▶ **EXERCISE INPUT**
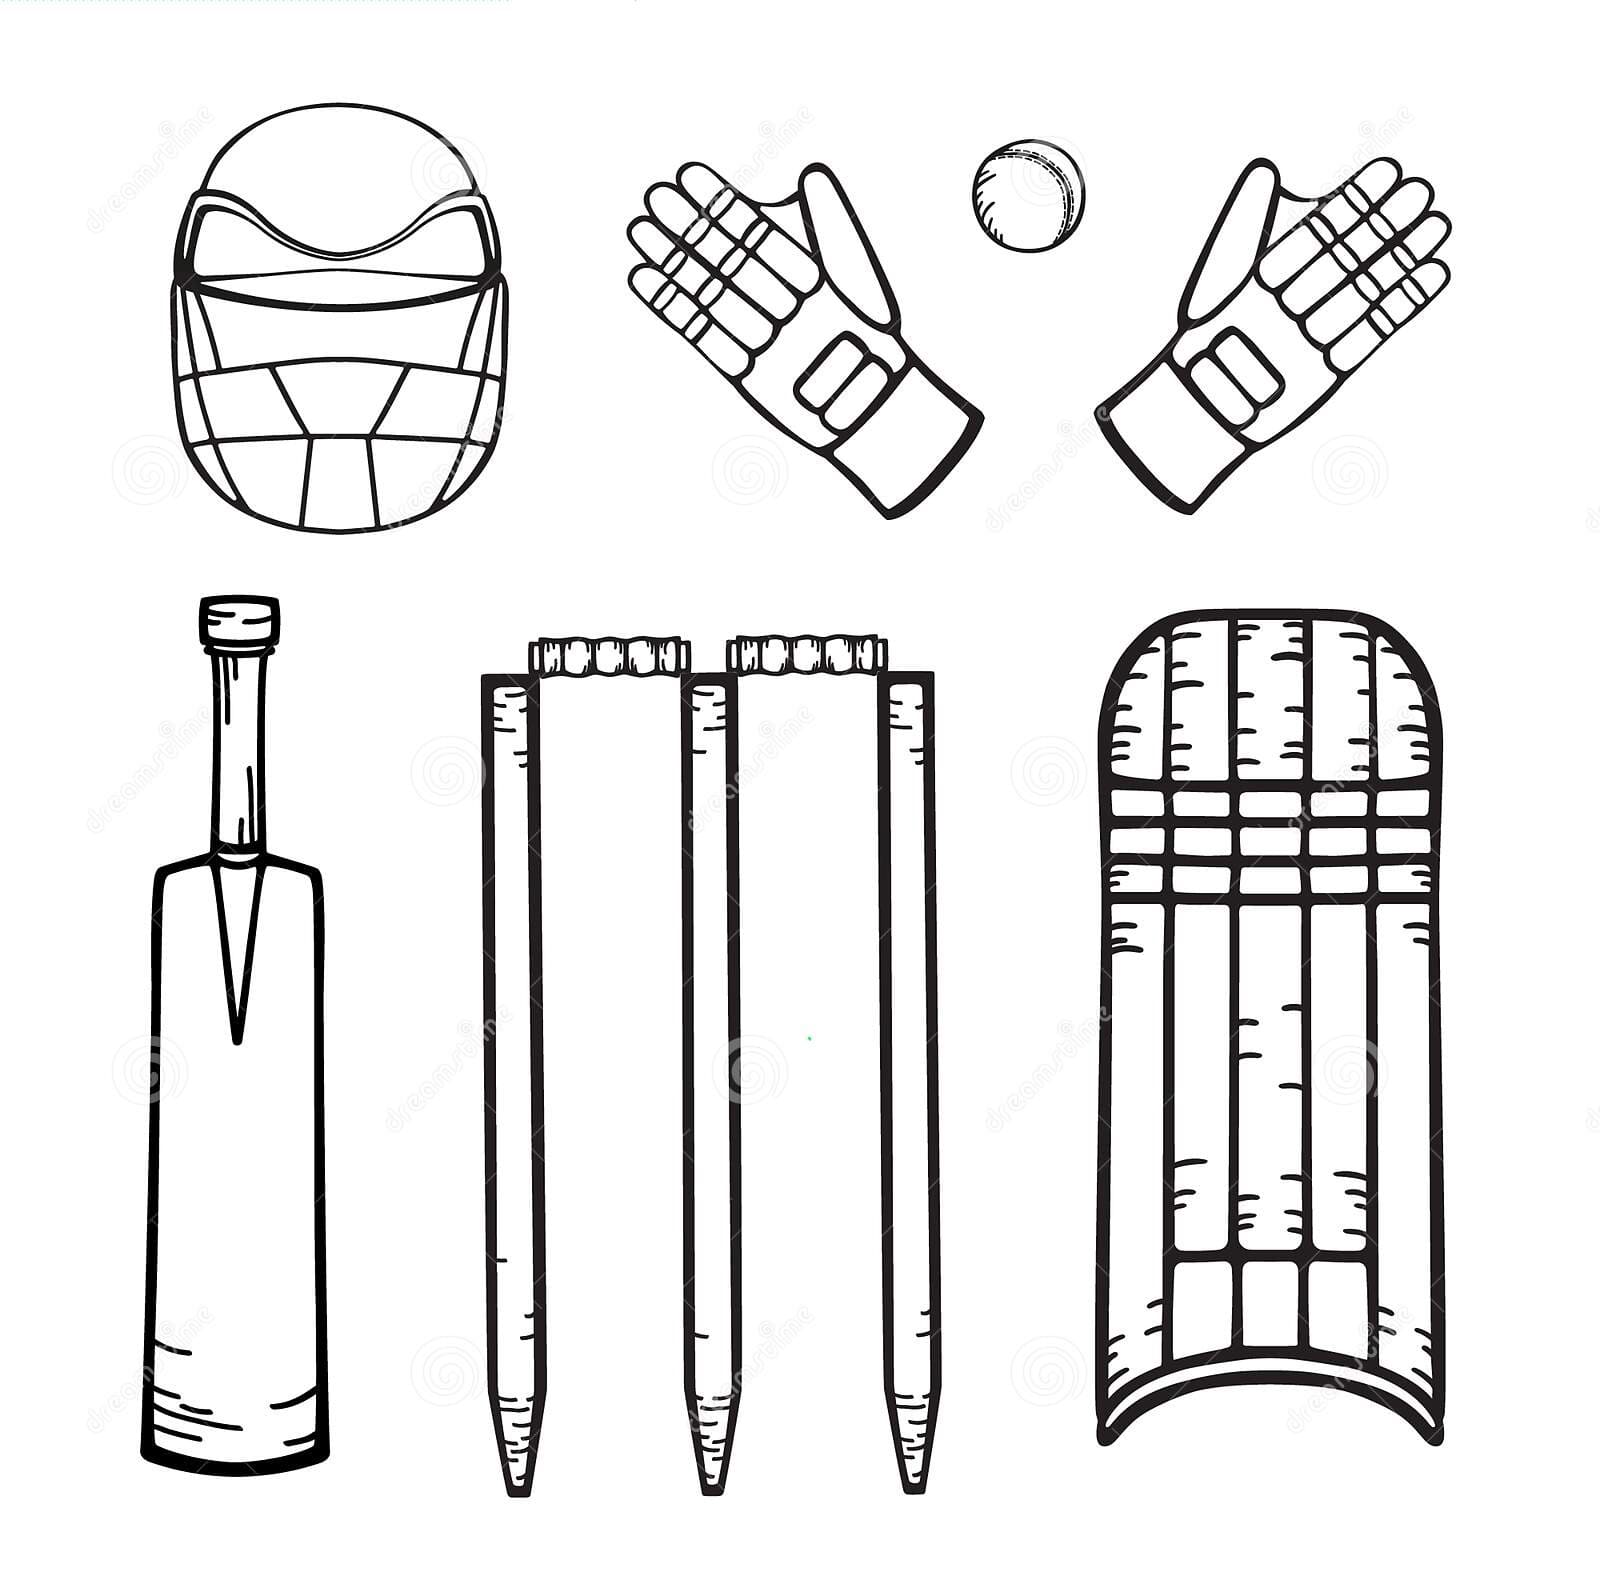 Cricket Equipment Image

--

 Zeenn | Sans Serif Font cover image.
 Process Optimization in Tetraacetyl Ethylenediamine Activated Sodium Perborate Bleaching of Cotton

▶ **PROBLEM TO SOLVE**
Look back at the data above. Transcribe exactly the lines starting at the line that contains "Zeenn | Sans Serif Font cover image." and ending at the line that contains "Process Optimization in".

▶ **SOLUTION**
 Zeenn | Sans Serif Font cover image.
 Process Optimization in Tetraacetyl Ethylenediamine Activated Sodium Perborate Bleaching of Cotton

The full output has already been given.